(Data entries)
● ● ●

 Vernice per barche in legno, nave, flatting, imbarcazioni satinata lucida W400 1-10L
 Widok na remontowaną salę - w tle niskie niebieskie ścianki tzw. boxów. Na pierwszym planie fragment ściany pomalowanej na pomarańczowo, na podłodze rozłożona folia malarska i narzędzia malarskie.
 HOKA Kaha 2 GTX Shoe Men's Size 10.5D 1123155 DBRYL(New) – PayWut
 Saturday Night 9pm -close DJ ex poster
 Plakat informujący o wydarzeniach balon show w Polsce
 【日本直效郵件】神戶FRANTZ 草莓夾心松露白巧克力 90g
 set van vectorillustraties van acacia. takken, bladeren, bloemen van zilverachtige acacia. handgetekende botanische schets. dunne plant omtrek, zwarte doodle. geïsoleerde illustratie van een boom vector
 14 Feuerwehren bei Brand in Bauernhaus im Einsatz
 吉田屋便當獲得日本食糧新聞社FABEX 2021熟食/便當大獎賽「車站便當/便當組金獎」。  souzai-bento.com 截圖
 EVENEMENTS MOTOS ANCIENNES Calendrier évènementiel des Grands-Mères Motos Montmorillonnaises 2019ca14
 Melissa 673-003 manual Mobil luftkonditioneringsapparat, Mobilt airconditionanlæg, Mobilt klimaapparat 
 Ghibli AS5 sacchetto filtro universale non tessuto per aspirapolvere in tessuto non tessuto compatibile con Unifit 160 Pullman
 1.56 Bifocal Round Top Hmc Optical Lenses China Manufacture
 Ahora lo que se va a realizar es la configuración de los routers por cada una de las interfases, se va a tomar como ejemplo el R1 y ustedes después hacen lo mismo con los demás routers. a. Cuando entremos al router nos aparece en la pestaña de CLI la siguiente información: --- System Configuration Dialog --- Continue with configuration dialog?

● ● ●

*WHAT IS REQUIRED*: From the records above, give again exactly the lines running from the line with "set van vectorillustraties" to the line with "14 Feuerwehren bei", inclusive.

*ANSWER SPACE*:
 set van vectorillustraties van acacia. takken, bladeren, bloemen van zilverachtige acacia. handgetekende botanische schets. dunne plant omtrek, zwarte doodle. geïsoleerde illustratie van een boom vector
 14 Feuerwehren bei Brand in Bauernhaus im Einsatz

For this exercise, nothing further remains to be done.